Provided data Block Start

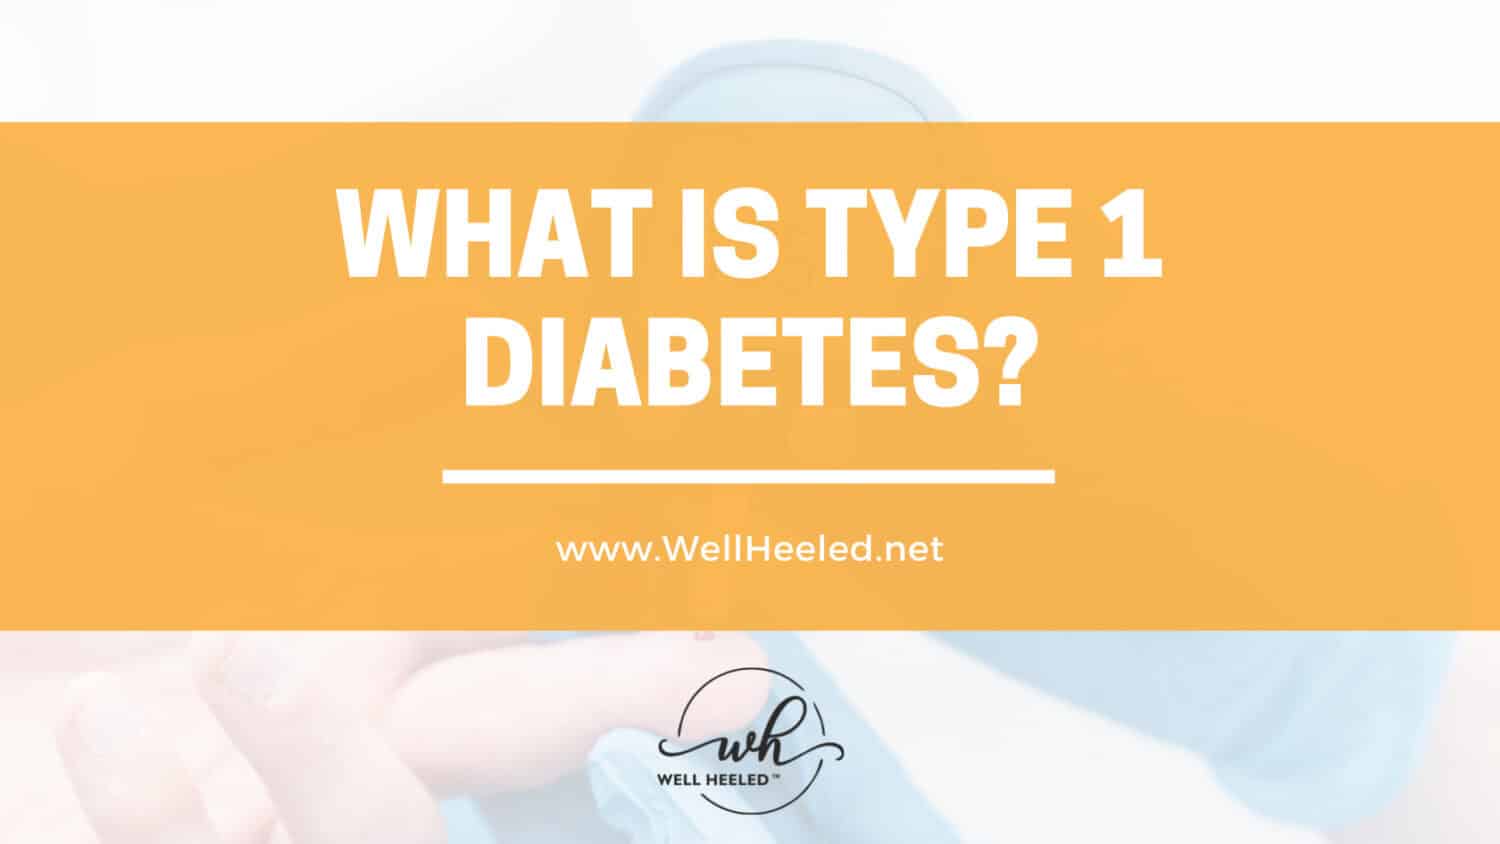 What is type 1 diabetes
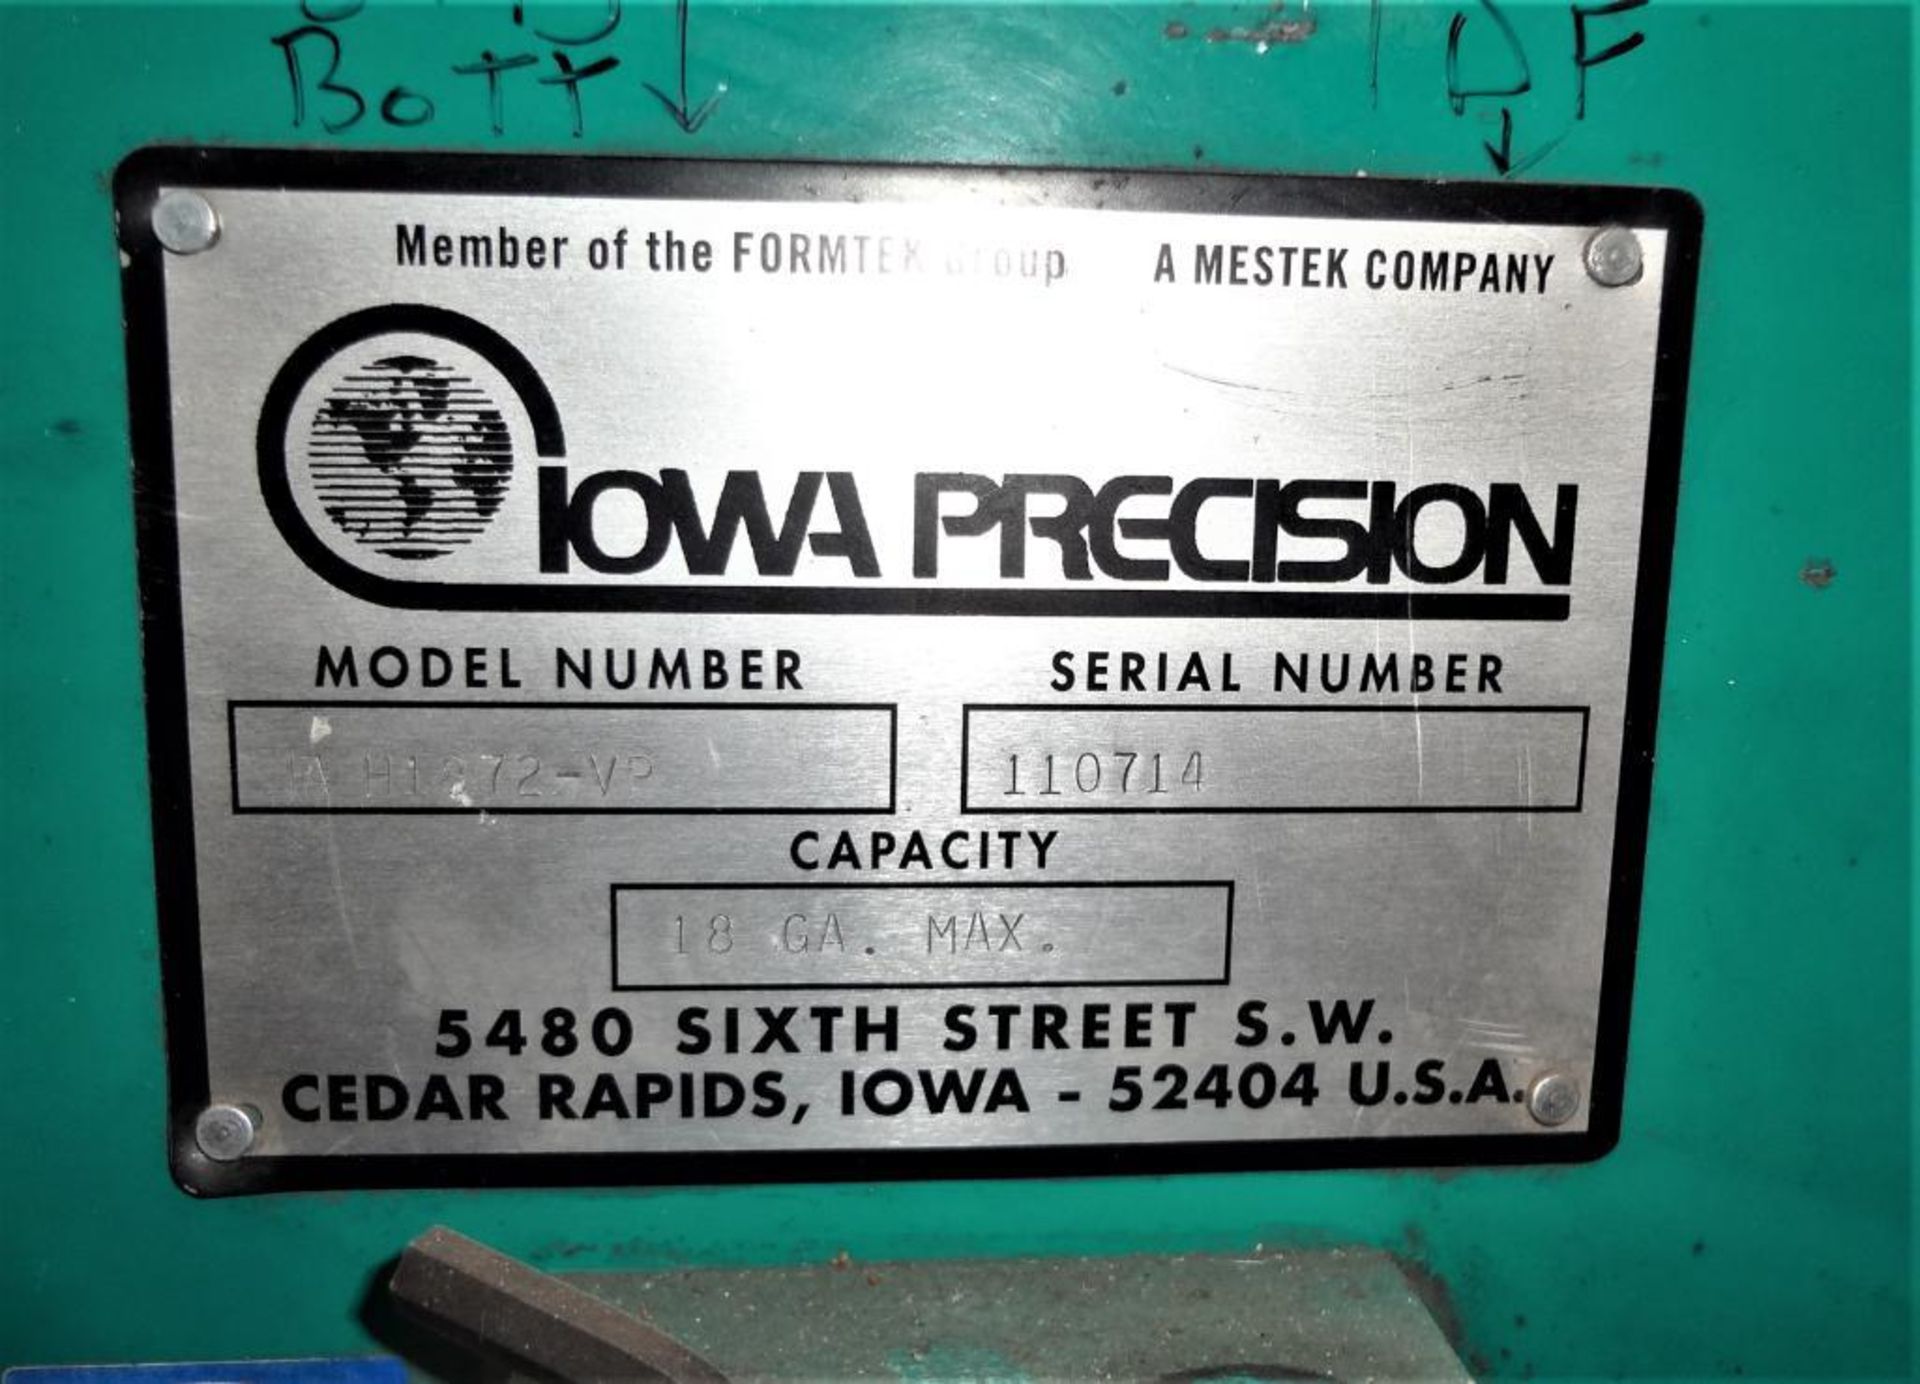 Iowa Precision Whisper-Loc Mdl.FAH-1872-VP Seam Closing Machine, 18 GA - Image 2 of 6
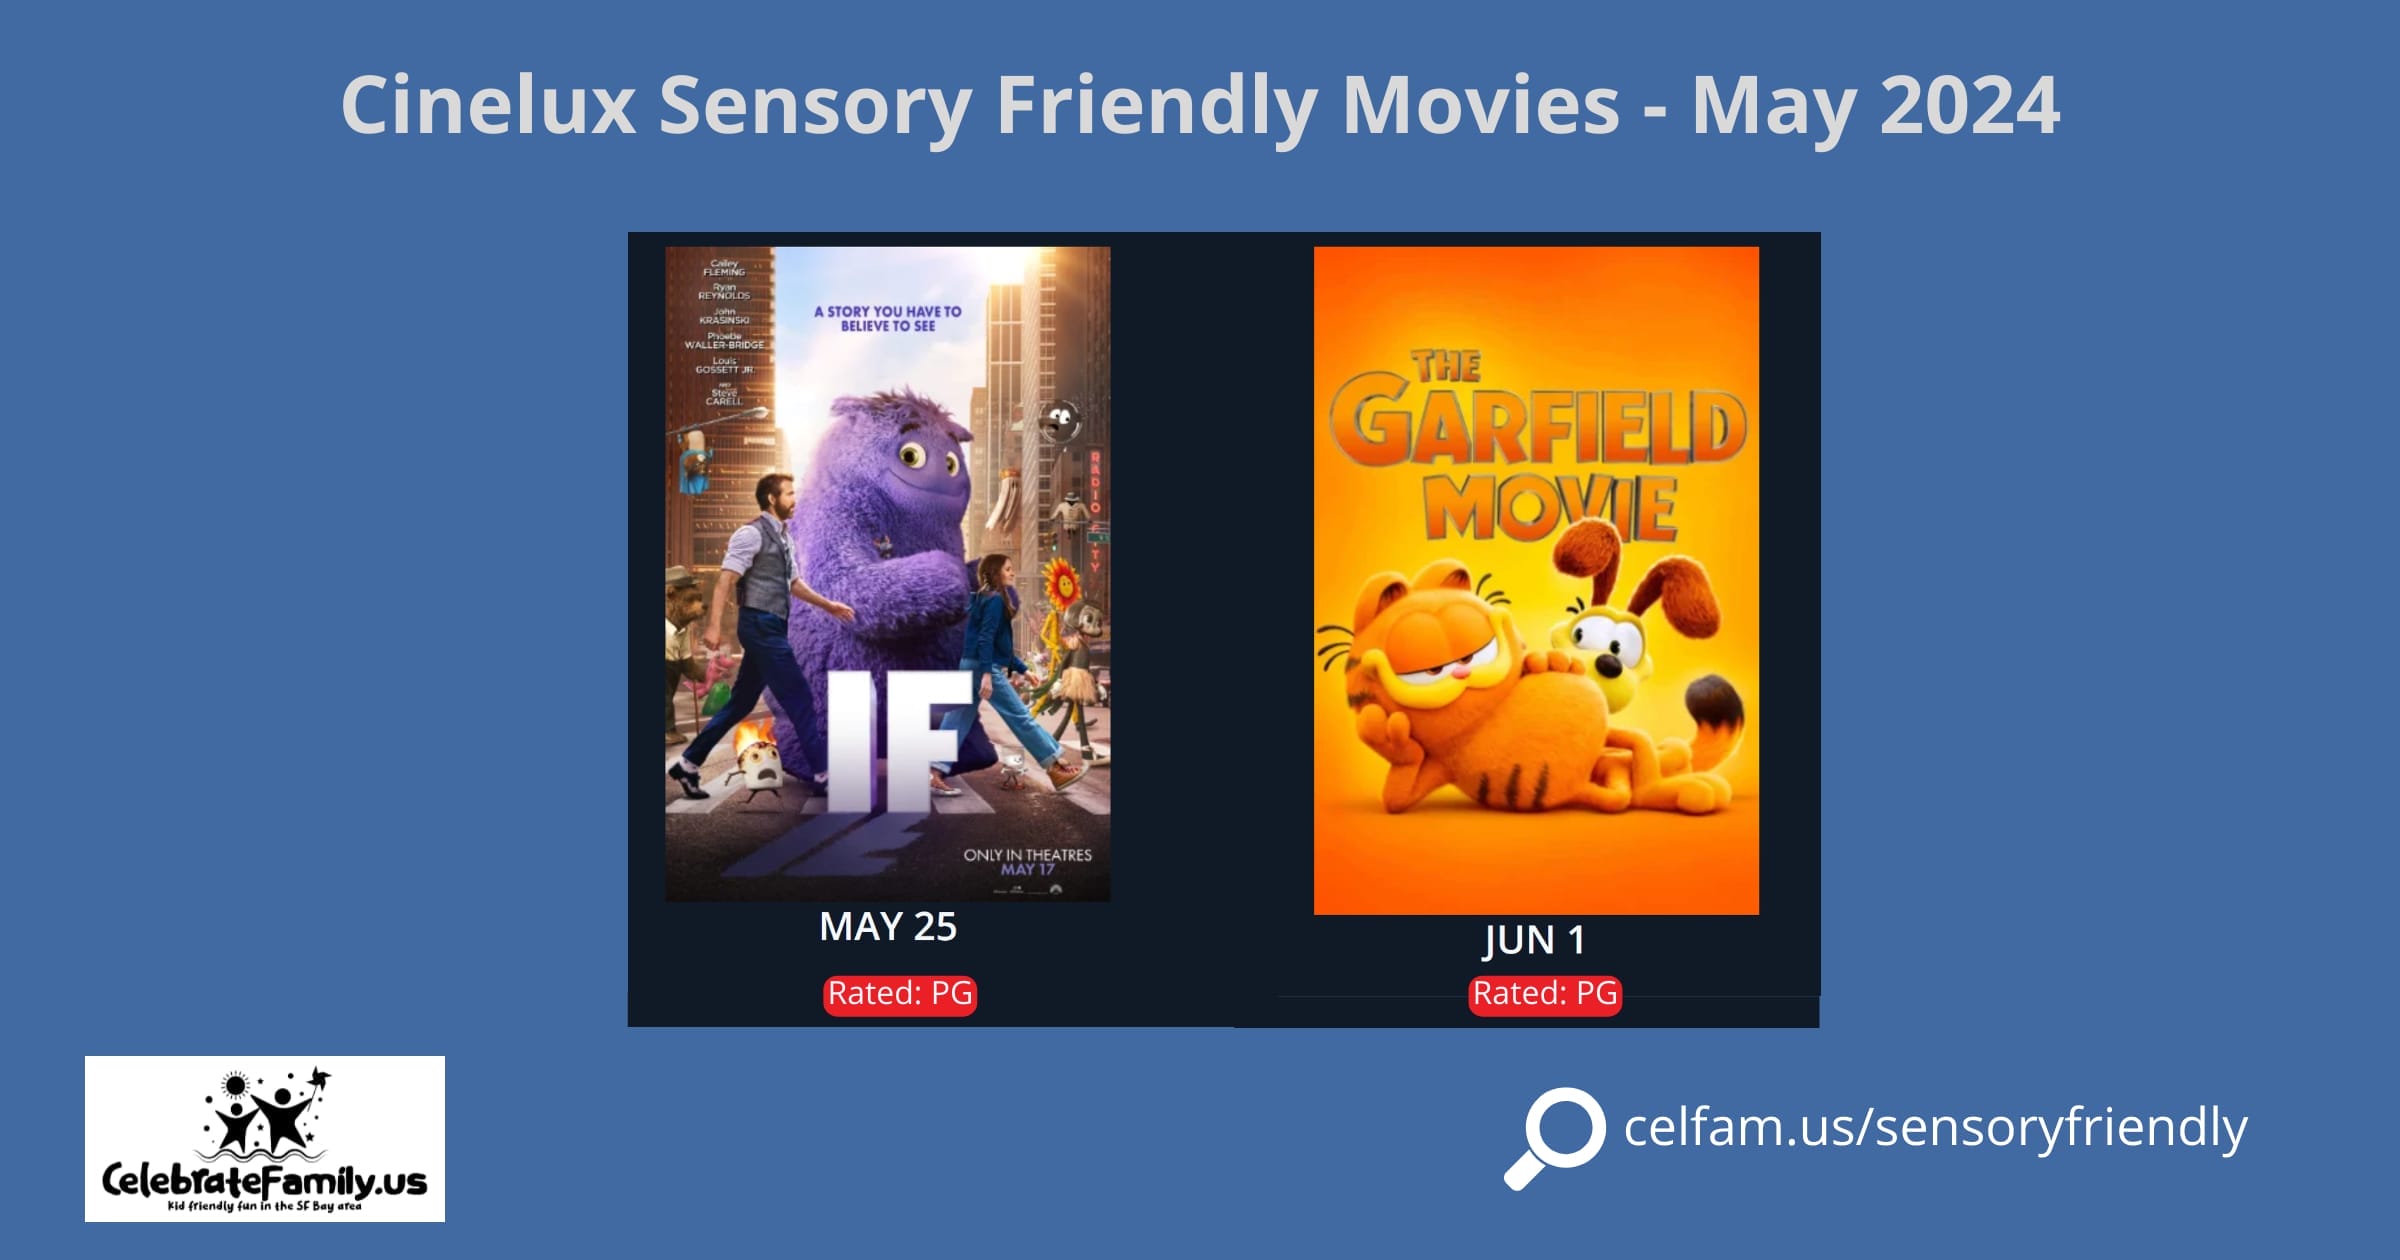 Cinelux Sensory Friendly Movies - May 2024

Provided data Block End

_Problem to solve_
Write out, exactly and only, the lines from the one containing "Iowa Precision Whisper-Loc" through the last line of the material above. Pictures do not go in the copy.

_Response below_
 Iowa Precision Whisper-Loc Mdl.FAH-1872-VP Seam Closing Machine, 18 GA - Image 2 of 6
 Cinelux Sensory Friendly Movies - May 2024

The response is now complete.